Corporate corruption in New Zealand – “Banning badly behaving company directors”

August 21, 2015 by SPCS 2 Comments

Coming up on Sunday morning 23 August 2015 on Radio NZ Insight with Wallace Chapman (just after 8 am news):

radio new zealand

A very important programme dealing with:

(1) Increased powers being sought by the Ministry of Business Innovation & Employment (MBIE) to ban “badly behaving company directors” who engage in illegal “Phoenixing”: i.e. the creation (incorporation) of new companies just prior to putting a failed company into liquidation, and the illegal transferring of assets from that old (failed) company into the new entities with similar names to the liquidated company, with the whole process carried out by the director(s) to specifically avoid paying creditors (including IRD), fines, and employee entitlements (unpaid wages and arrears). Under this “trick” [CORRUPT PRACTICE] the illegal “phoenix company” re-emerges from the ‘ashes’ of the old (failed) company (now in liquidation) with the same director(s) or shadow director, plus a very similar trading name and corporate structure. Note: “Phoenixing”, as Liquidator Damian Grant of Waterstone Insolvers, Auckland, points out to Radio NZ, can be legal, but only in a case where the phoenix company purchases “all the assets of the old company directly from the liquidator”, and all shareholders and creditors are privy to all the financial transactions that are carried out involving the assets, which must be done in a fair and transparent process.

(2) Insolvency Law. The setting up of a Register of registered Insolvers (Liquidators). David Milne, Manager of the Northern Labour Sector Inspectorate of MBIE admits to RadioNZ that “9 out of 10 Liquidators” refuse to cooperate with their MBIE audits of companies that have been put into liquidations. [This confirms the findings of SPCS that CORPORATE CORRUPTION is rife in New Zealand]. Milne reports that when the Employment Relations Authority ascertains through its investigations, prompted by employee complaints, that considerable arrears and unpaid wages are owing; rogue company directors just put the company into liquidation, “ripping the assets out of the old company” and transferring them into the “phoenix company”; and carry on with business as usual under the veil of the new corporate structure. Milne confirms that MBIE investigations (audit processes) always commence with “open source researching” – determining the identity and relationships of the various company officials etc. based on the Companies Office online records. [Unfortunately, the problem with this approach, as the SPCS has found following a six year investigation, is that these records are in significant ways “shambolic” and lacking in integrity].
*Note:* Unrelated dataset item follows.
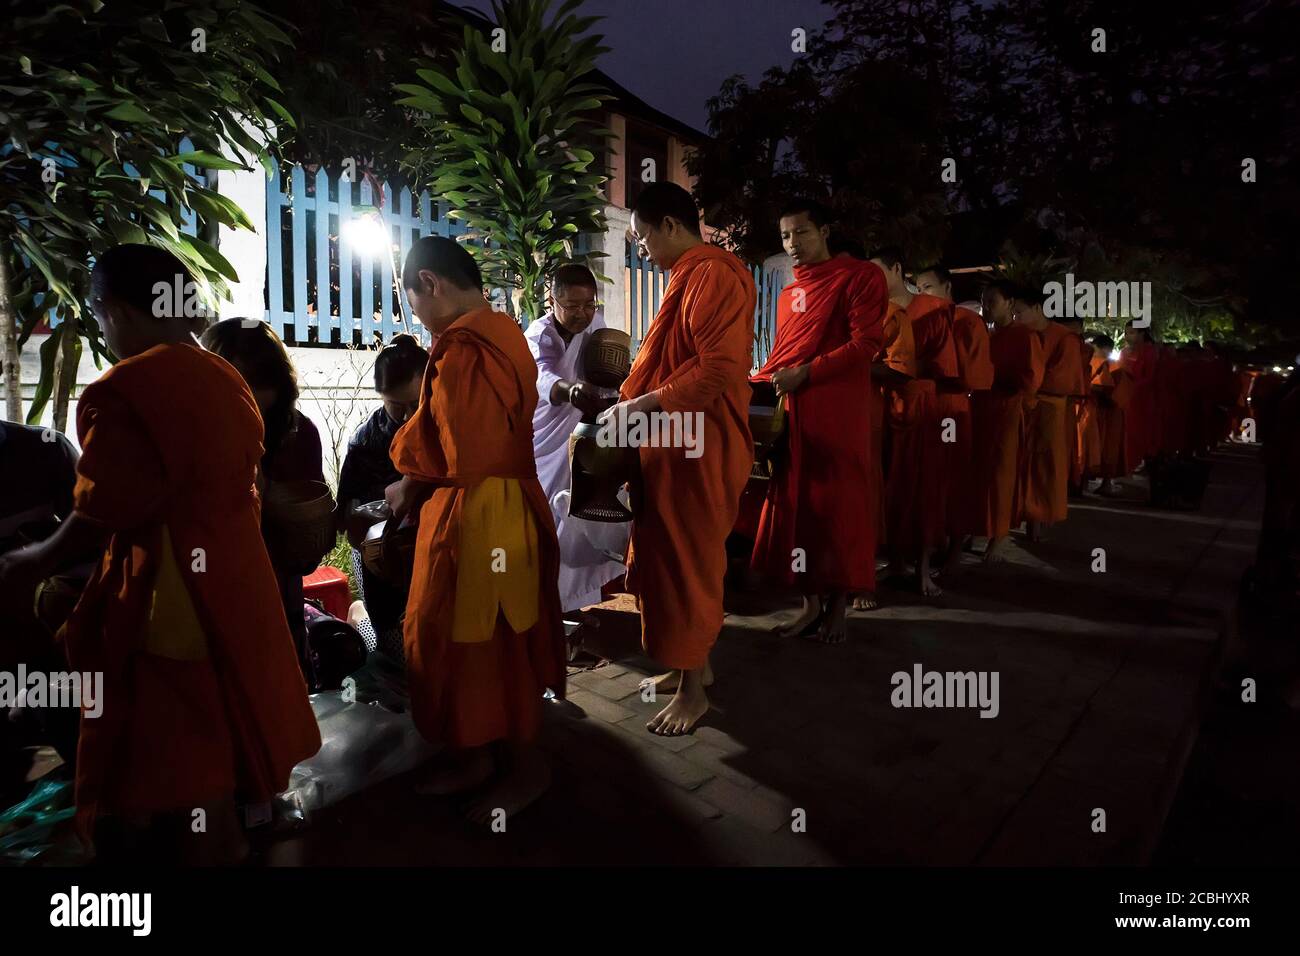 Luang Prabang, Laos - Jun 14, 2019 - Laos Buddhist alms giving sticky rice ceremony in the morning, The tradition of giving alms to monks in Luang Stock Photo

(3) May Moncur, an employment advocate with Employment Disputes Services, in dealing with her clients, has reported that unscrupulous company directors are putting their companies into liquidation to specifically avoid paying significant settlement fines awarded by the Employment Relations Authority Tribunal to workers for unpaid wages etc. The assets from the liquidated company are transferred promptly into the phoenix company so there is no money available to pay the fine. With the cooperation of an unscrupulous liquidator the company director continues his rip off of new unsuspecting employees under a new corporate veil – brazenly using an almost identical company name.
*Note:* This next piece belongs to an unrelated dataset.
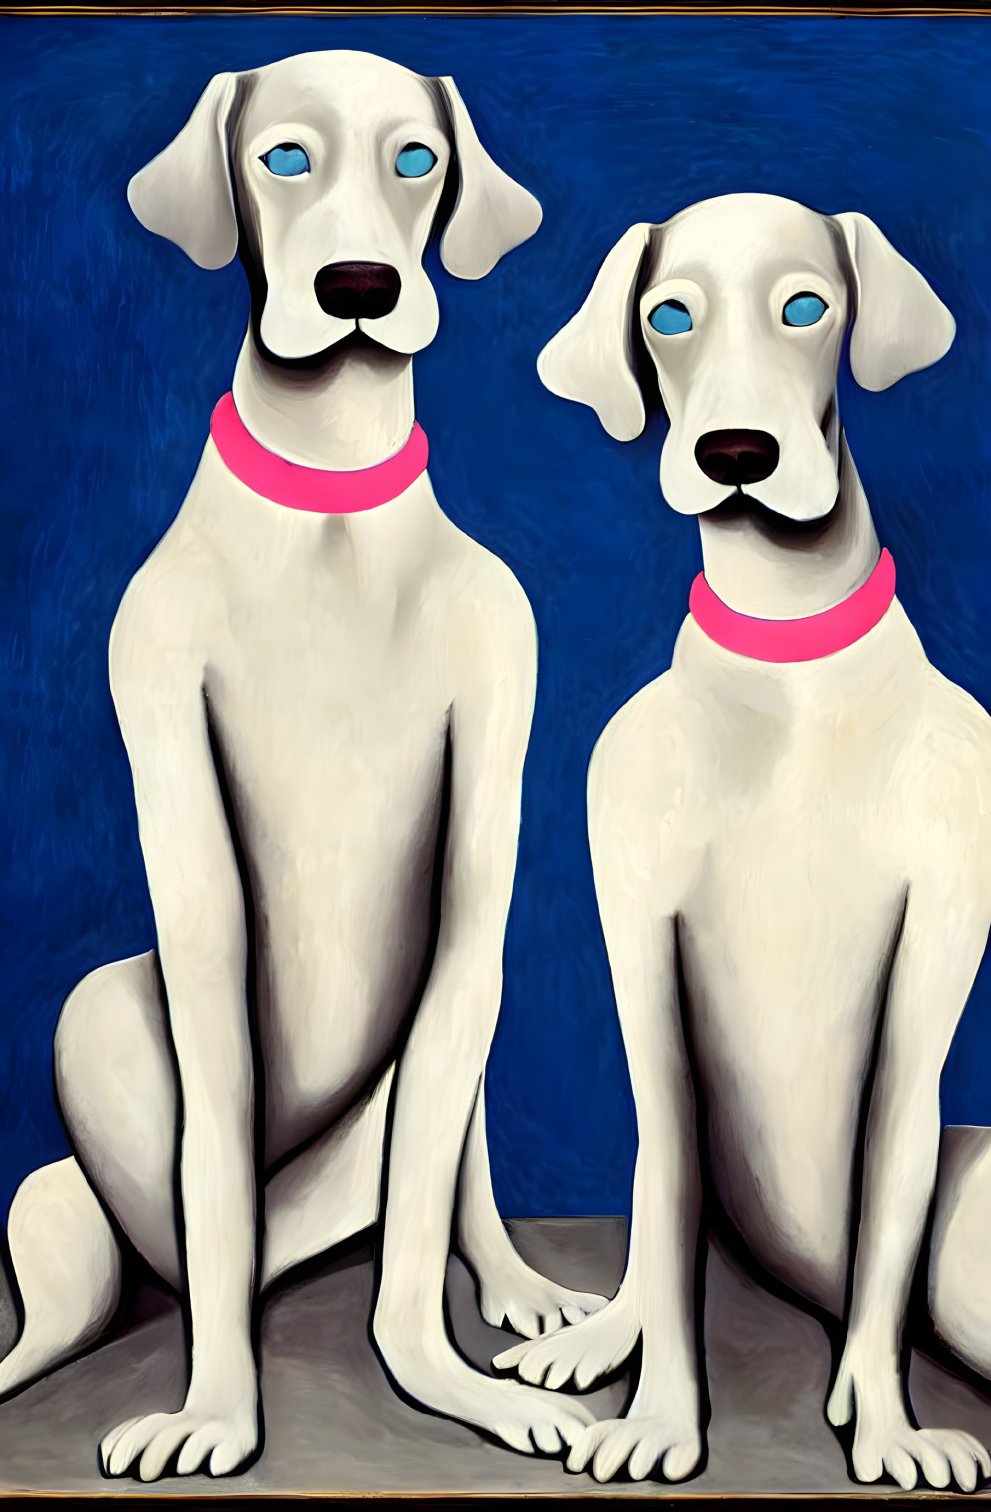 Stylized white dogs with pink collars on blue background portrait illustration

(4) Minister of Commerce and Consumer Affairs – the Hon. Paul Goldsmith – concedes that there is a need for “robust legislation to deal with rogue directors. However, he makes no mention of the need for active and effective enforcement of the law and/or the need to resource enforcement agencies to effectively enforce the law. The Minister points out that in the last three-and-half years the MBIE has only made eight prosecutions of company directors for engaging in illegal “phoenixing” under “Phoenix Law” and of these there were only five convictions. He sees this “low number” of prosecutions as clear proof that there is no no need to expand the powers of the MBIE to deal with illegal “Phoenixing”, despite the fact that MBIW says it is “on the rise”. If there is to be a compulsory public register of registered Insolvers (Liquidators) set up, he sees no need to look at changing any laws dealing with “Phoenixing” until after the register regime has been operating for at least one year. The Restructuring Insolvency & Turnaround Association of New Zealand is currently engaging in public consultations as to the need for such a public register, in part to address the problem of unscrupulous liquidators.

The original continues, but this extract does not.